"spiritual manipulation runs deep"


Mark Driscoll’s Mars Hill church is splintering, and the problem seems to be a common one: a charismatic leader, a cult-like following, and the ego and weird psychological flaws of the leader gradually expand until they dominate the discourse. Everyone had to have known from the beginning that Mars Hill is peddling poison.

In Mars Hill theology, female members are viewed through the lens of complementarianism, a theological position that prescribes separate roles for women and men including male headship. A woman being advised to get down on her knees and give her husband a blow job represents just one of a spectrum of submissive behaviors touted for females, who are encouraged to find their meaning in the traditional roles of wife and mother. The virginity of women is prized, and by some reports Driscoll’s late discovery and fury that his wife had sex with another male as a teenager became bizarrely significant in their relationship and in the life of the church even though he himself was not a virgin when he married.

And now we’re finding out that he plagiarized chunks of his ‘bestseller’ book, and that one reason it was a bestseller is that he used church funds to buy up copies, and that many former church members are leaving in protest against Driscoll’s authoritarianism. It’s good to see. You can find more at Mars Hill Refuge, where former cult members share their stories.

A couple of years ago, some Mars Hill church members tried to recruit me to do a debate there — even then I got a creepy cult-like vibe from them, and turned them down flat.

Comments

  1. says

    The Stranger did a rather interesting expose of the church’s authoritarianism two years ago: Church or Cult?. At the bottom of the article are links to other items The Stranger has done on the church.

    (For those of you outside of Seattle: The Stranger is our alternative newspaper.)

  2. mikeyb says

    Should the name tell all, sounds like an episode out of the X-files where members wait for the next Hale-Bopp to arrive.

  3. Becca Stareyes says

    My deep sympathies for the people leaving.

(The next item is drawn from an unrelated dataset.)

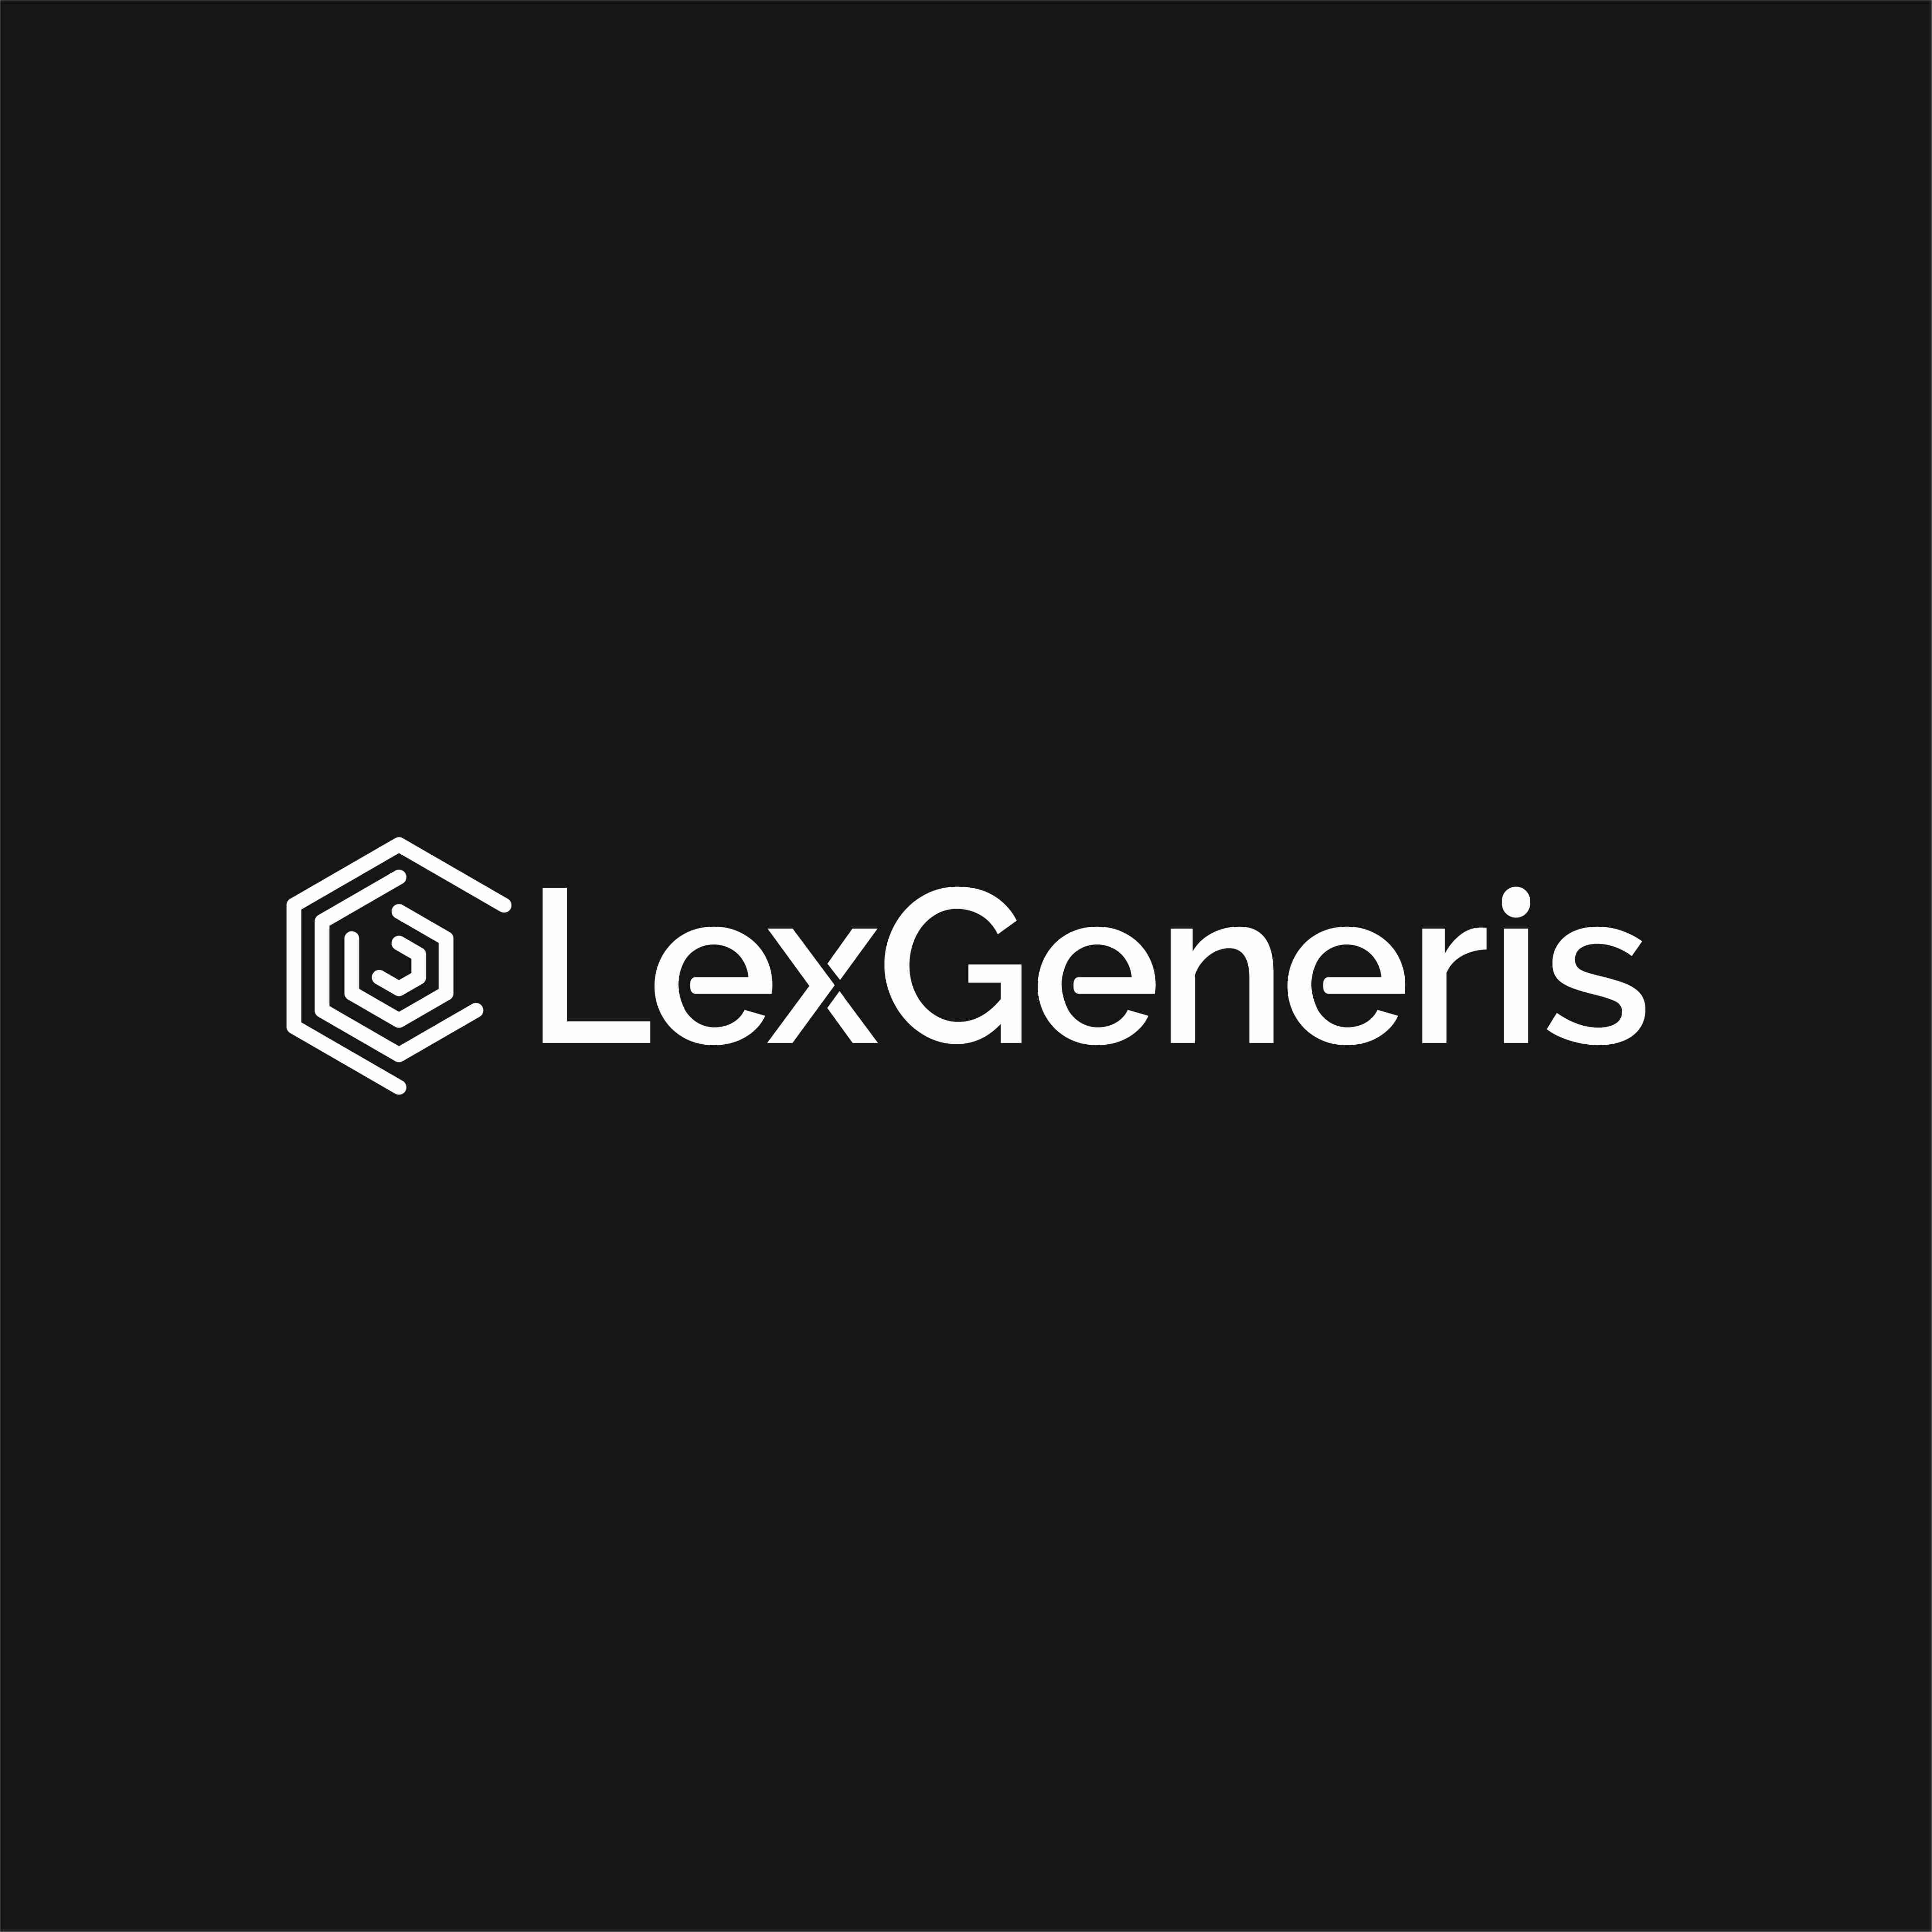 Lexgeneris IP Attorney

From what friends have said about leaving fundamentalist churches, it’s not an easy or pain-free process, even when you realize that you need to leave or you will be consumed by it. I’m glad the folks leaving have a community like Mars Hill Refuge so they can assist one another.

  4. anteprepro says

    Ugh. That quoted paragraph seems virtually indistinguishable from mainstream attitudes towards women, especially within the fundisphere. Interesting that it gets own peculiar “theological” label. Interesting even more that it is blatant newspeak. “Women and men are complementary” apparently is the same thing as saying “women must be virginal housewives who submit to male authority”.

  5. Kevin Kehres says

    The theology of a blow job?

    What in the world is he basing that bit of theological advice on? The fact that every man says “oh God!” at some point in the proceedings?

  6. Sastra says

    Spiritual manipulation runs deep indeed. The article says that the whistleblowers “accusations are, at least partially, obscured by the language of faith, by a hesitance to label problems with the frank terms that would be used if Mars Hill were, say, just another multi-level marketer.”

    Exactly right, because religion is supposed to require different rules from start to finish. Fundamentalism is partly defined by the firm conviction that there are obvious, clear truths which are available only to those who have been born into the right group or undergone a proper spiritual transformation … and that these truths cannot be questioned. Doubt leads to the other side, the group which is blind and wicked and incapable of understanding. At the heart of this idea is the idea that the heart is everything. The truly spiritual just “know.”

    Therefore an empirical case is always suspect. The pious critics have to scour their hearts for sin every time they make sense or find a reasonable objection. Faith isn’t supposed to work that way: critical thinking is a form of pride and it is anathema to those on the path to holy and sacred Truth. Frankness is not religion’s friend.

    It’s telling that the objections are not so much over the authoritarian doctrine as over how it was implemented. That pretty much explains why it got as bad as it did … and will probably continue to do so, over and over. Once you’re convinced that blurring where God leaves off and you begin requires humility — watch out.

  7. Azuma Hazuki says

    Wasn’t there something in the Bible about “sowing the wind and reaping the whirlwind?” Serves him right. I hope he does hard jail time.

    Calvinism may very well be the third-worst idea the human race has ever had, with Islam in second place and what is arguably the idealogical founder of both, eternal torment in hell, in first by a huge margin.